It is only gradually that substantial annual revenues begin to show up. With time, banks begin to bestow greater trust in your business venture, and sometimes even offer unsecured lines of credit. Finally, you begin to realize that you have a few weeks worth of cash in the banks to sustain. This later on gives way to a few months worth of cash balance and in future to a few years worth or even decades worth, if your business turns progressive enough.
* Starting up a new small business venture
As you start a business with a particular objective, you will realize in due time, if you are attached to the objective enough to follow it up to its end. Sometimes you start with one objective, but by the time you have reached the end or even figured out how to reach the end, you may have realized that it is not your passion anymore. This is the beginning of your journey of trials, errors, failures, learning, and reaching that point, where you know exactly what it is that you are really really ready to follow up to its very end and ensure that you succeed.

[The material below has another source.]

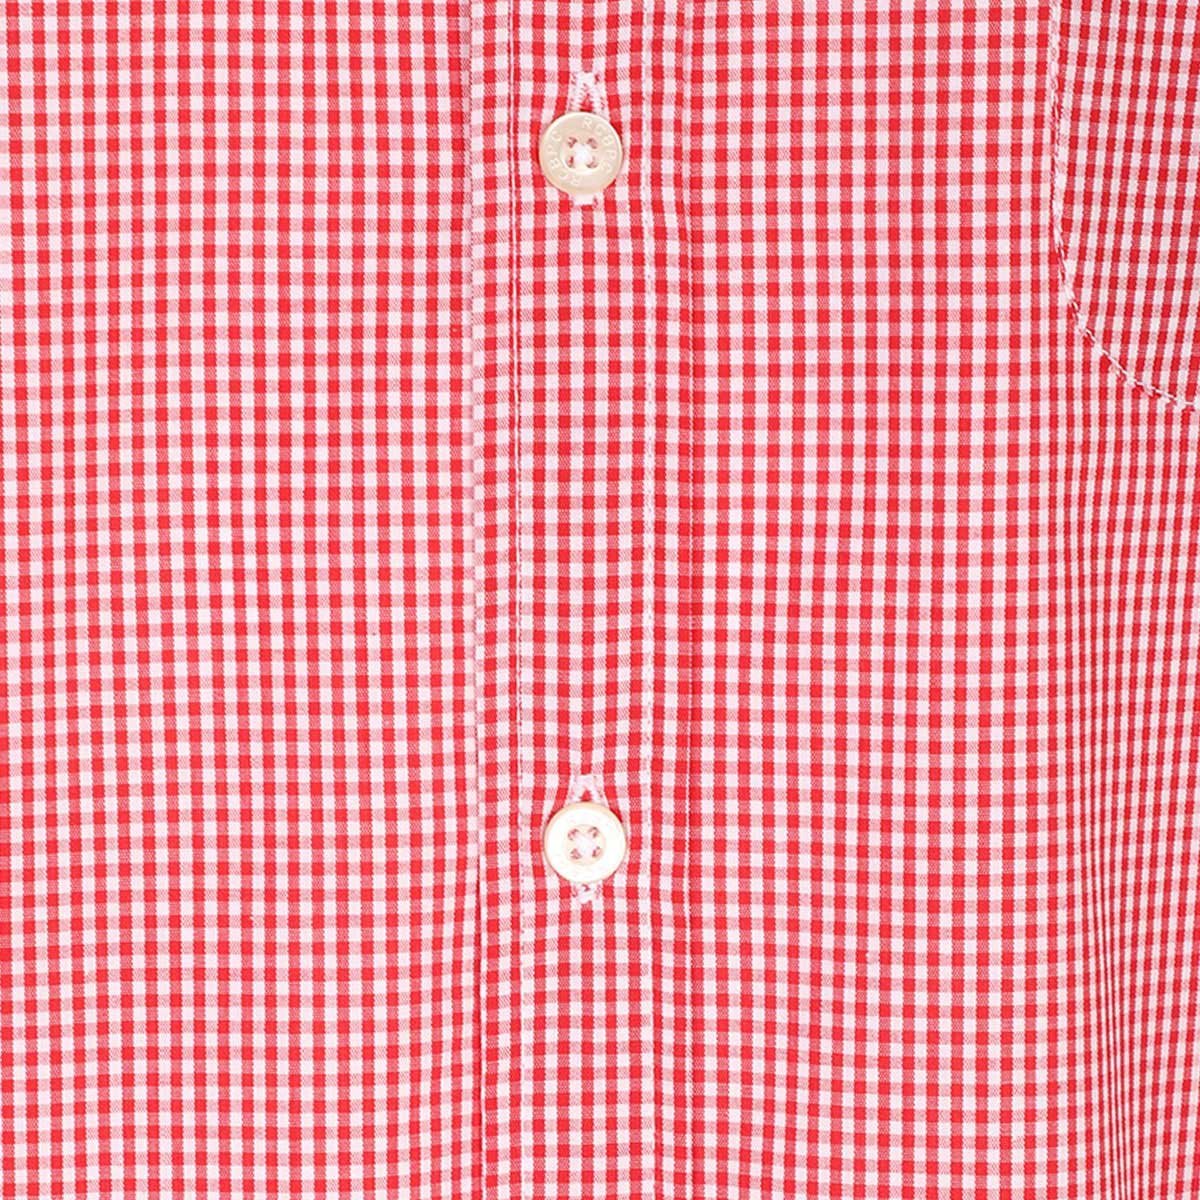 Camisa Talla Plus Manga Larga Cuadro Rojo Rcb Polo Club para Hombre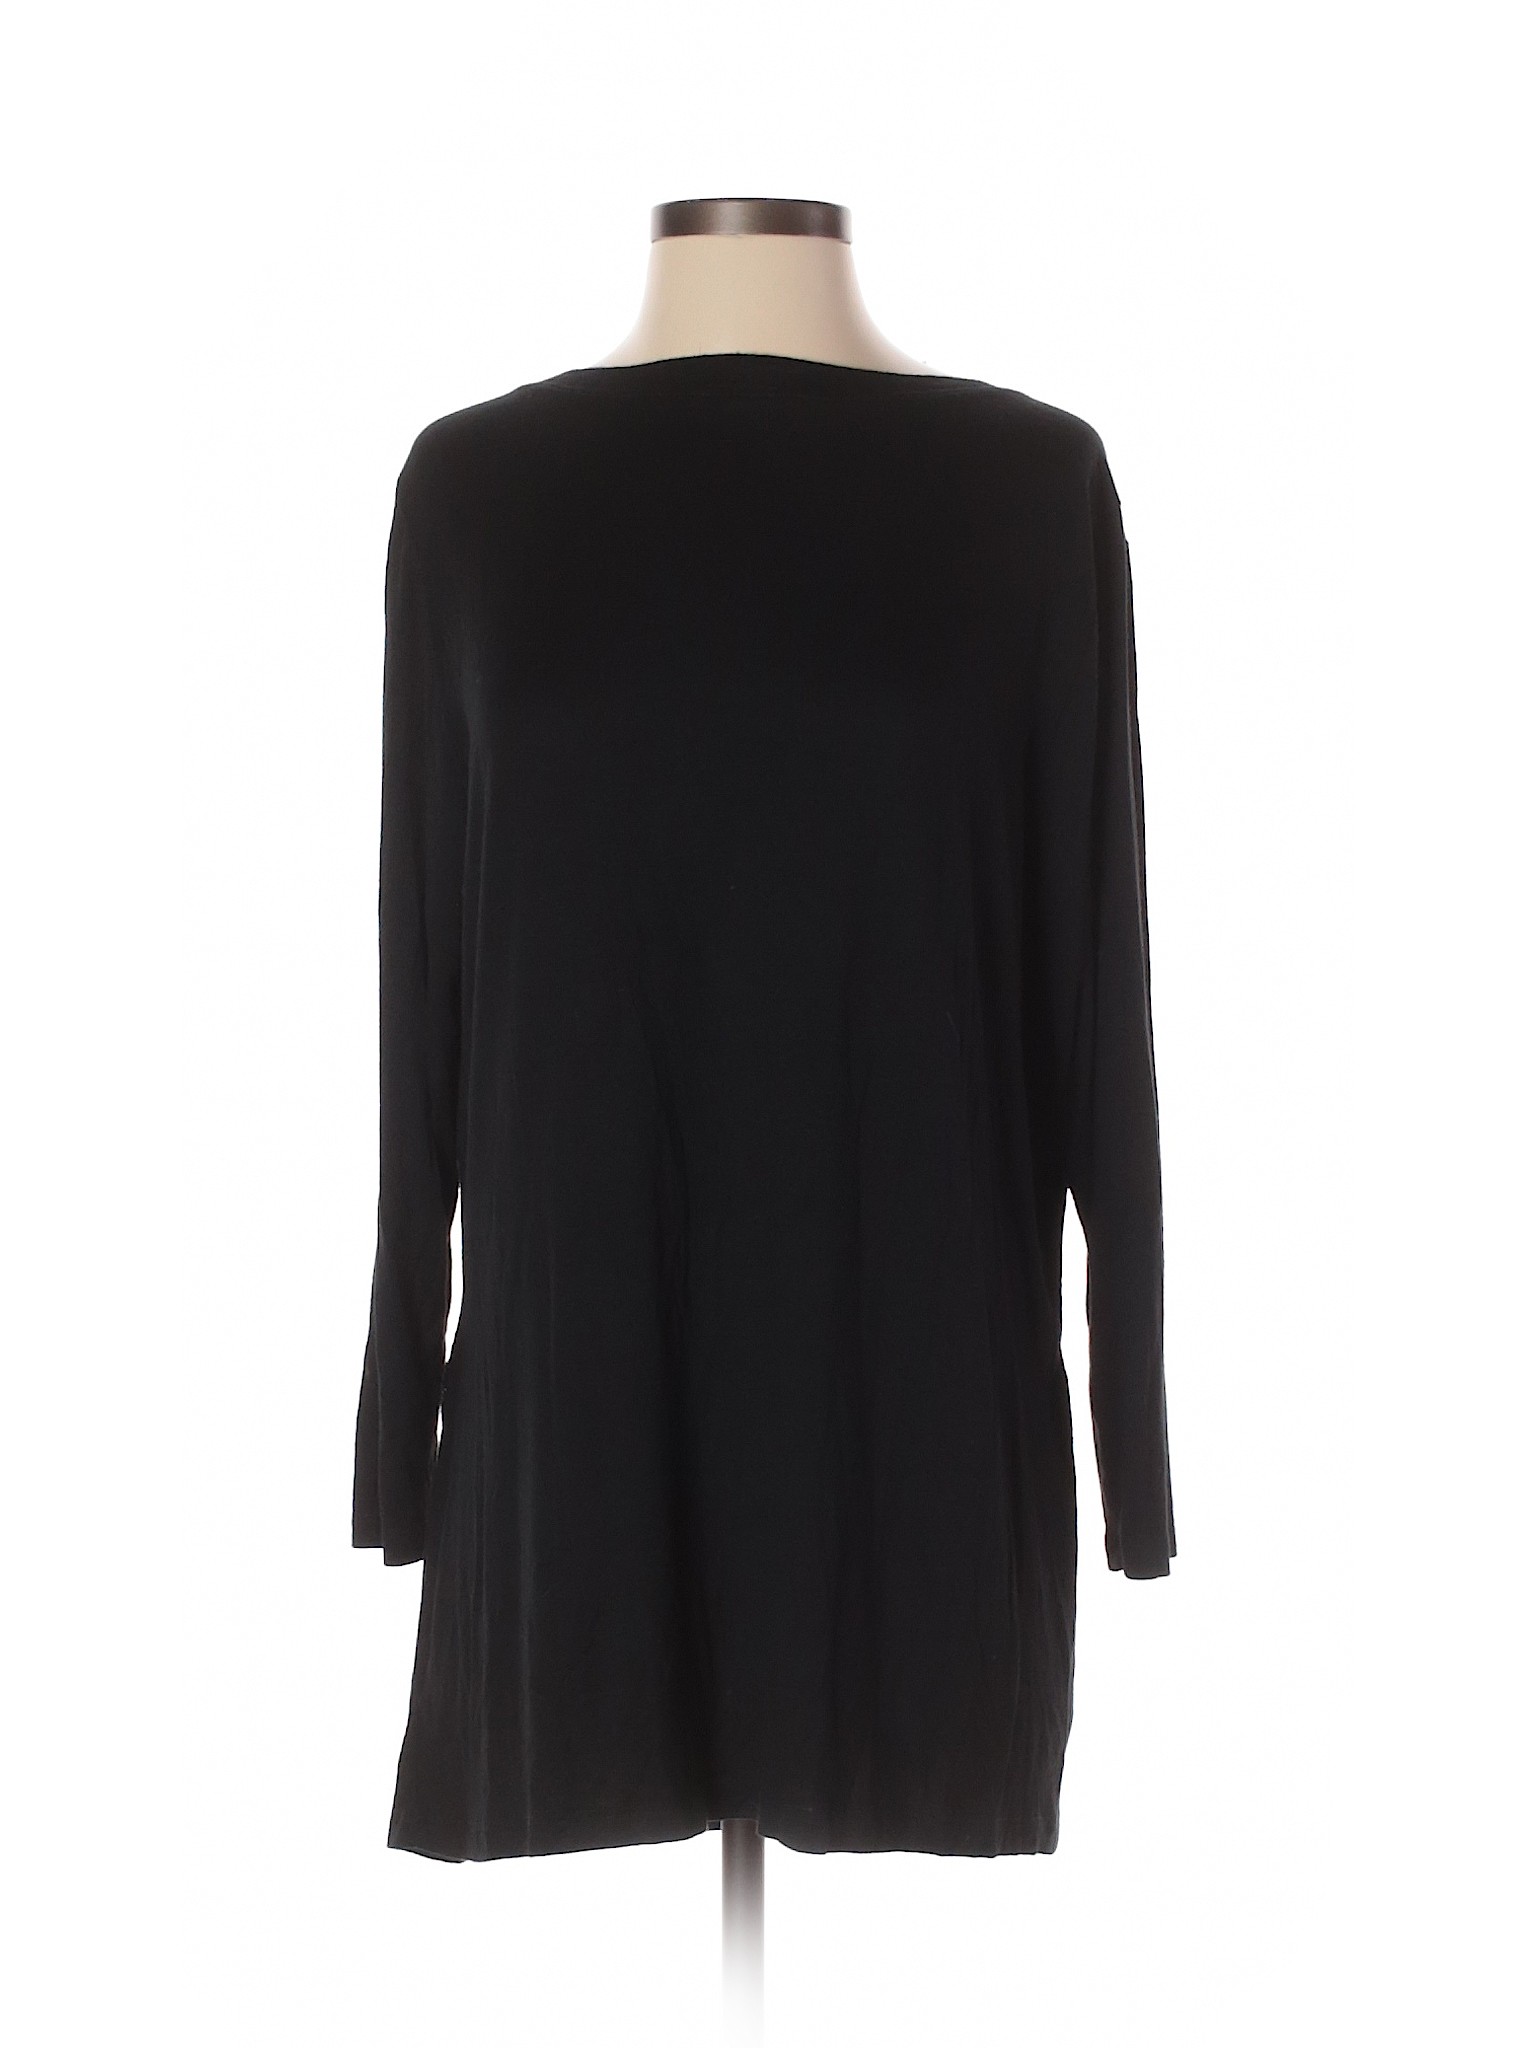 Nally & Millie Women Black Casual Dress S | eBay

It may initially take a few years just to figure how to get started from scratch and find a stable footing. By the time you figure out what you really want to do, you may also have matured enough to know that though you are doing something new, you know the exact roadmap that will take you to your objective. That is to say, by now you know what you are really good at and what you can really execute, and how it really interests you.
* Requesting loans from subordinated or mezzanine debts
Here, the lender examines your business to check if your venture generates a healthy cash flow. However, the lender also understands that you probably do not have a collateral. Instances of collaterals include real estate assets or other material non-liquid assets like equipments that can ensure a bank loan. All that banks do is really just indirectly loan you your own money. Only if you are the kind of person that can provide some tangible assets as collateral , then you get entitled towards a loan that amounts to a fraction of such assets.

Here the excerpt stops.